Paper: Reflective Context Learning: Studying the Optimization Primitives of Context Space

Overview

Agents that learn from experience — reflecting on failures, updating their instructions, and improving over time — face the same fundamental optimization challenges as classical machine learning: high-variance updates, catastrophic forgetting, local optima, and inefficient credit assignment. Yet in context space, where the learned object is a prompt or playbook rather than model weights, these pathologies are addressed in an ad hoc, fragmented way.

RCL treats context-space adaptation as a first-class optimization problem. It formalizes a reflect-mutate loop — where reflection converts execution trajectories into a directional update signal (analogous to gradients) and mutation applies that signal to a structured playbook — then systematically extends it with classical optimization primitives: batching for variance reduction, dual-trace credit assignment, auxiliary losses for diagnostic structure, failure replay to prevent forgetting, and optimizer state for momentum. Across AppWorld, BrowseComp+, and RewardBench2, these primitives improve over strong baselines, with their relative importance shifting across task regimes.

Project Structure

rcl/                    # Core RCL framework
  core/                 # Config, optimizer, data structures, interfaces
  components/           # LLM client, inference engines, reflector, mutator
  prompts/              # Prompt templates for reflector/mutator
benchmarks/             # Benchmark adapters
  appworld/             # AppWorld benchmark
  browsecomp/           # BrowseComp+ benchmark
  rewardbench2/         # RewardBench2 benchmark
scripts/                # Training and evaluation entry points

Installation

Requirements: Python 3.10+

git clone https://github.com/nvassilyev/RCL.git
cd RCL
pip install -e .

Supported Models

RCL supports OpenAI, Anthropic, and Google Gemini models out of the box for both the agent and the optimizer (reflector/mutator). Set the API key for whichever provider(s) you want to use:

# OpenAI (GPT-5, GPT-4o, o3, etc.)
export OPENAI_API_KEY=...

# Anthropic (Claude Opus, Sonnet, Haiku)
export ANTHROPIC_API_KEY=-...

# Google Gemini (API key)
export GEMINI_API_KEY=...

Models use provider/model-name format:

Provider	Examples
OpenAI	`openai/gpt-5.4-nano`, `openai/gpt-4o`, `openai/o3-mini`
Anthropic	`anthropic/claude-opus-4-6`, `anthropic/claude-sonnet-4-6`, `anthropic/claude-haiku-4-5`
Google	`google/gemini-3-flash-preview`, `google/gemini-3.1-flash-lite-preview`

Quick Start

The fastest way to verify your setup is RewardBench2 — it requires no external servers or datasets beyond what's included in the repo.

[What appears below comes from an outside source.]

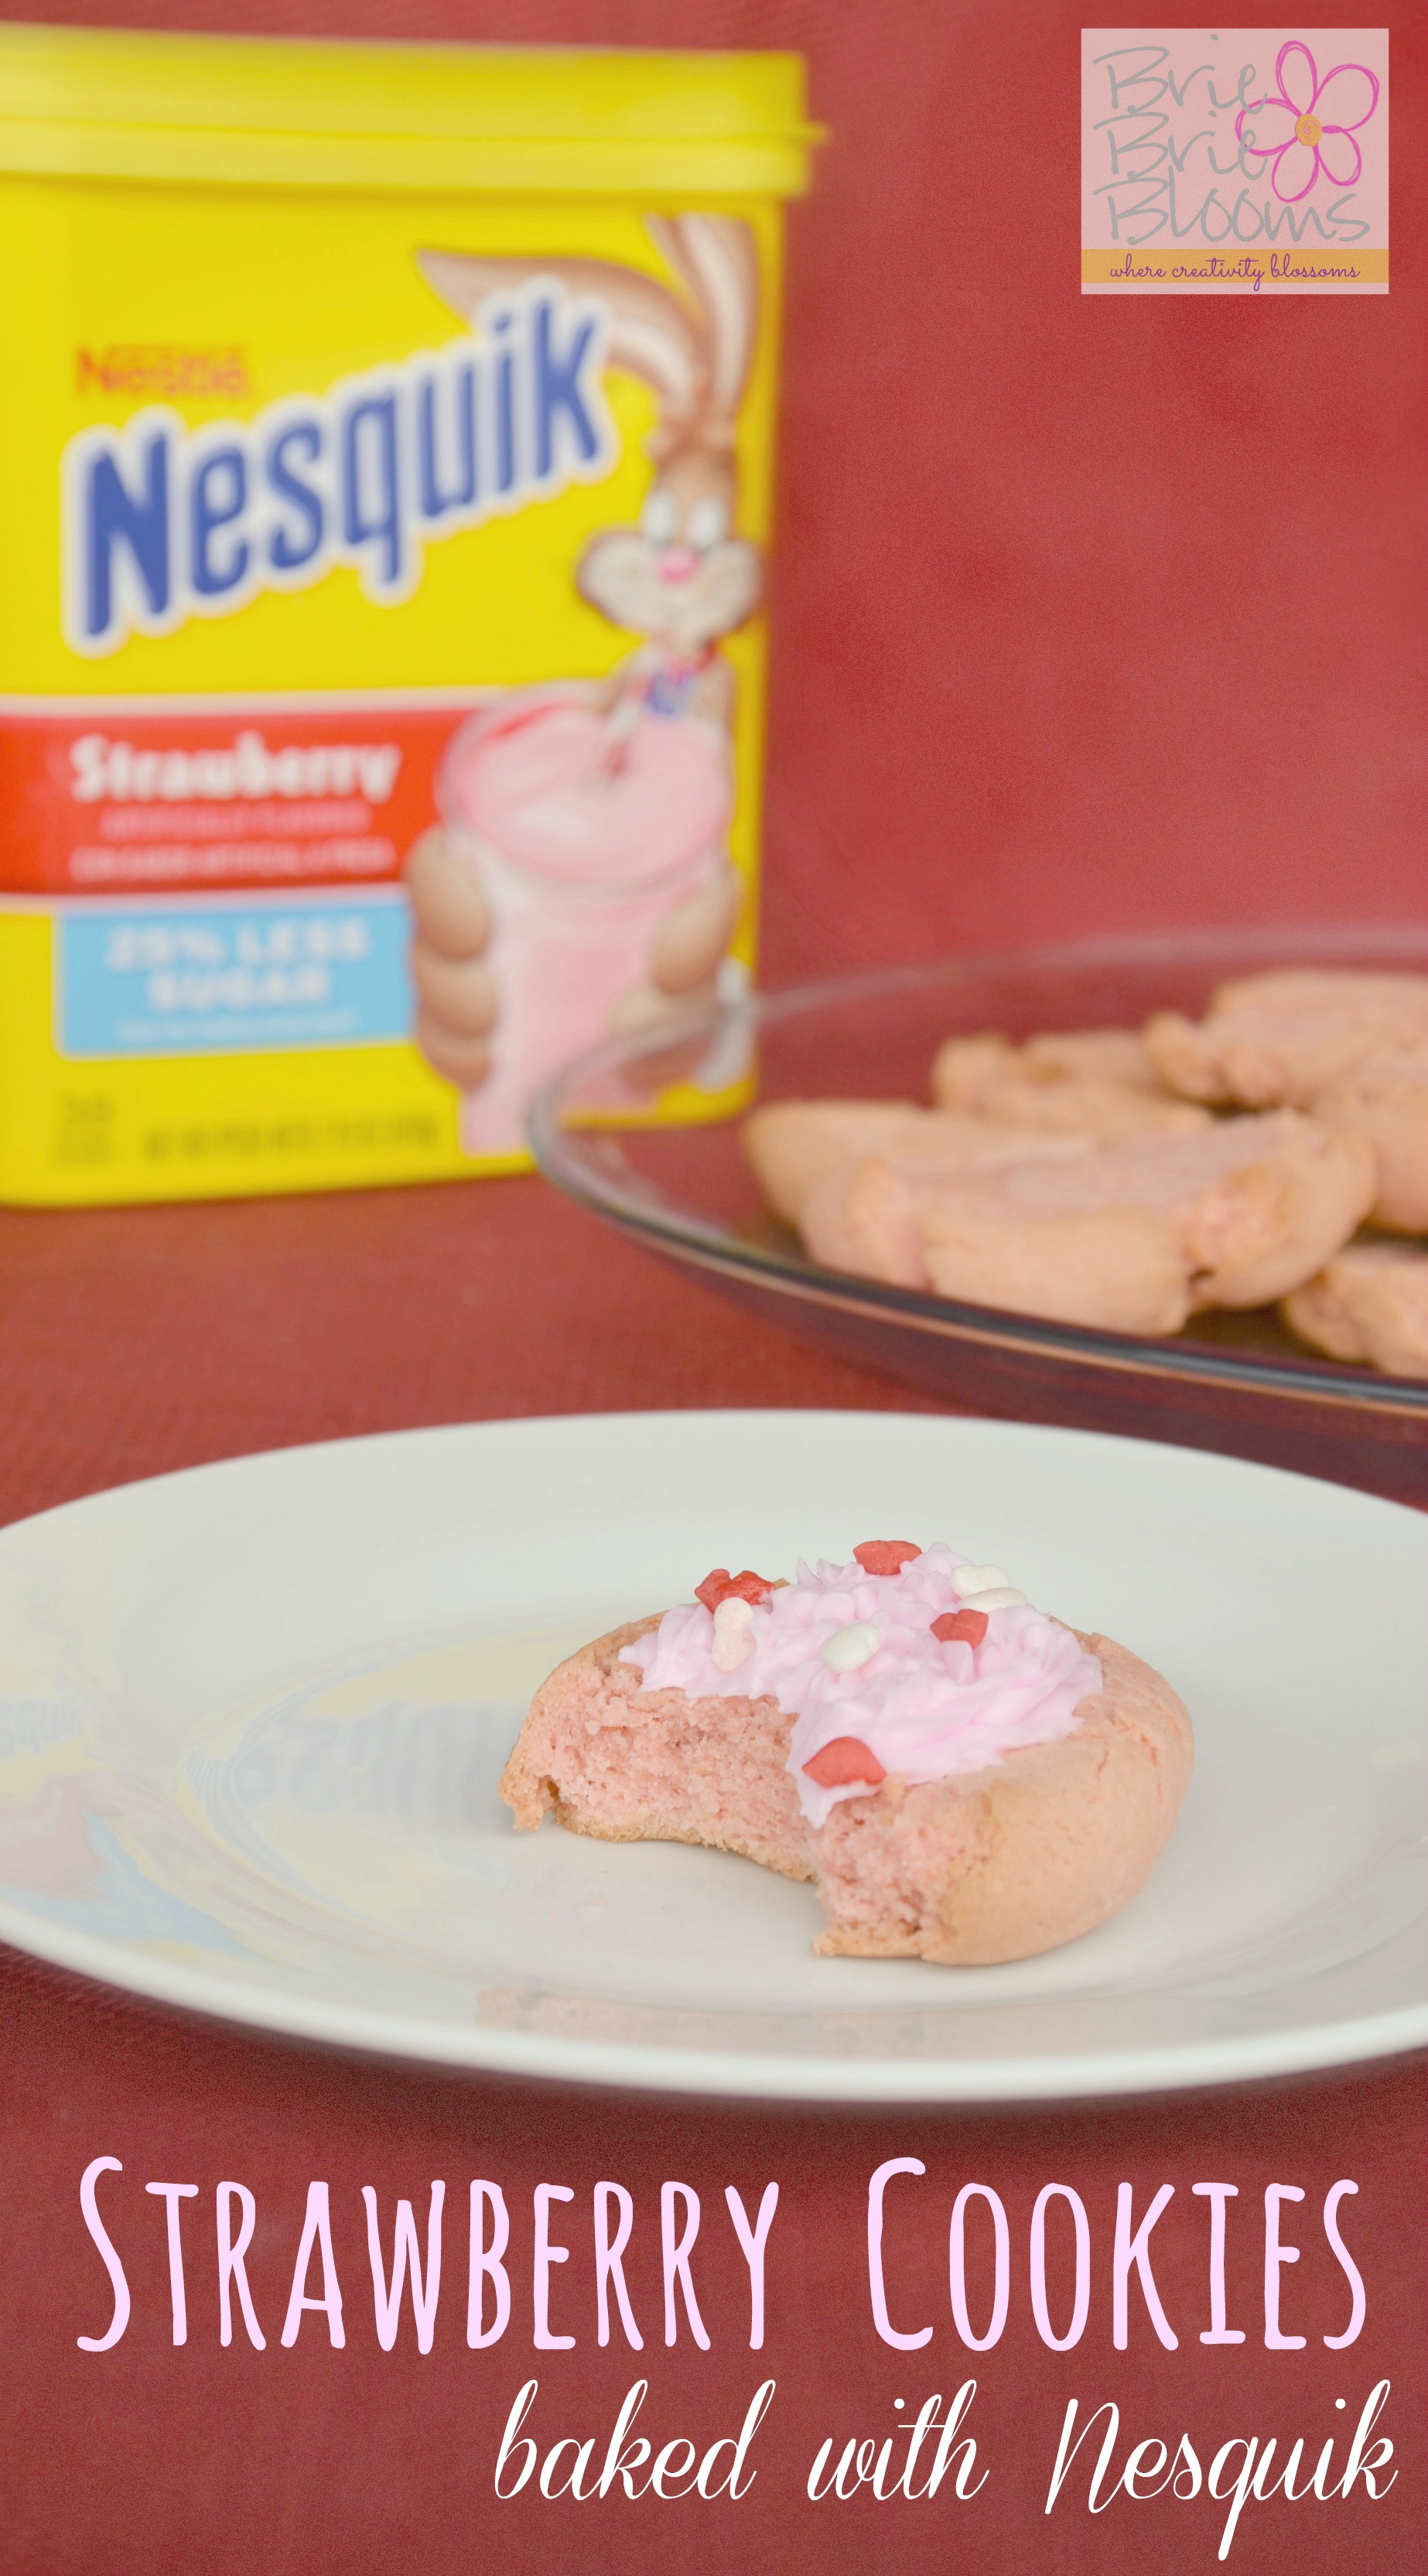 Strawberry Cookies baked with Nesquik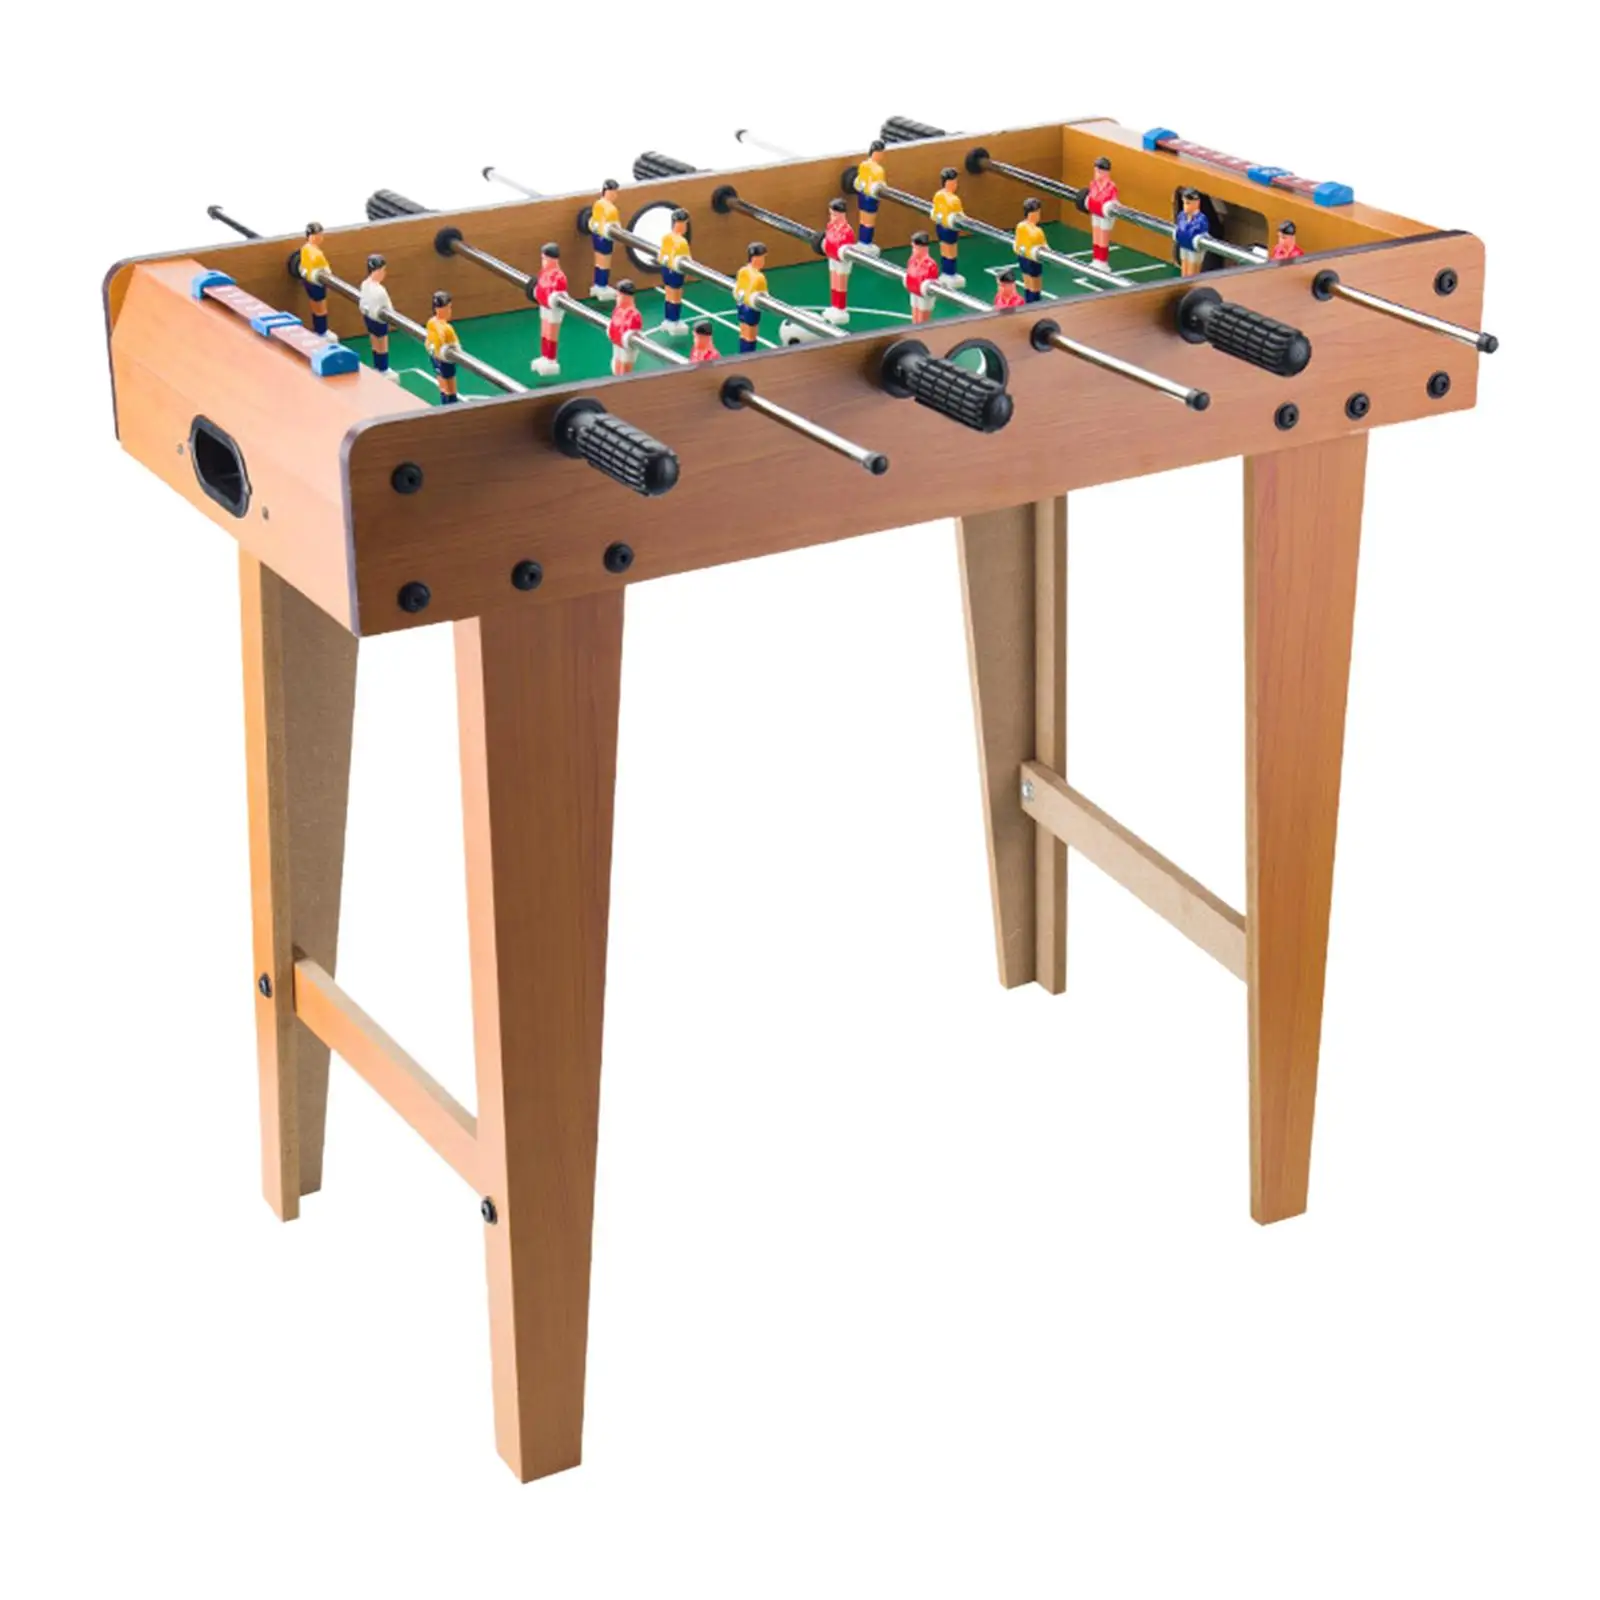 Portable Foosball Table Tabletop Football Game Parent Child Interactive Toy Sports Table Top Football Table for Adults Kids

1. Run an eval (< 1 minute)

python -m scripts.run_eval \
  --benchmark rewardbench2 \
  --model openai/gpt-5.4-nano \
  --playbook benchmarks/rewardbench2/playbooks/seed_playbook.json \
  --output results/my_first_eval \
  --split test --limit 5 --n-concurrent 5

2. Run a training loop (~ 5 minutes)

python -m scripts.run_training \
  --benchmark rewardbench2 \
  --model openai/gpt-5.4-nano \
  --batch-size 5 --n-concurrent 5 --iterations 3

This runs the base RCL loop: execute a batch of tasks, reflect on failures, mutate the playbook, repeat. The trained playbook is saved to results/training/.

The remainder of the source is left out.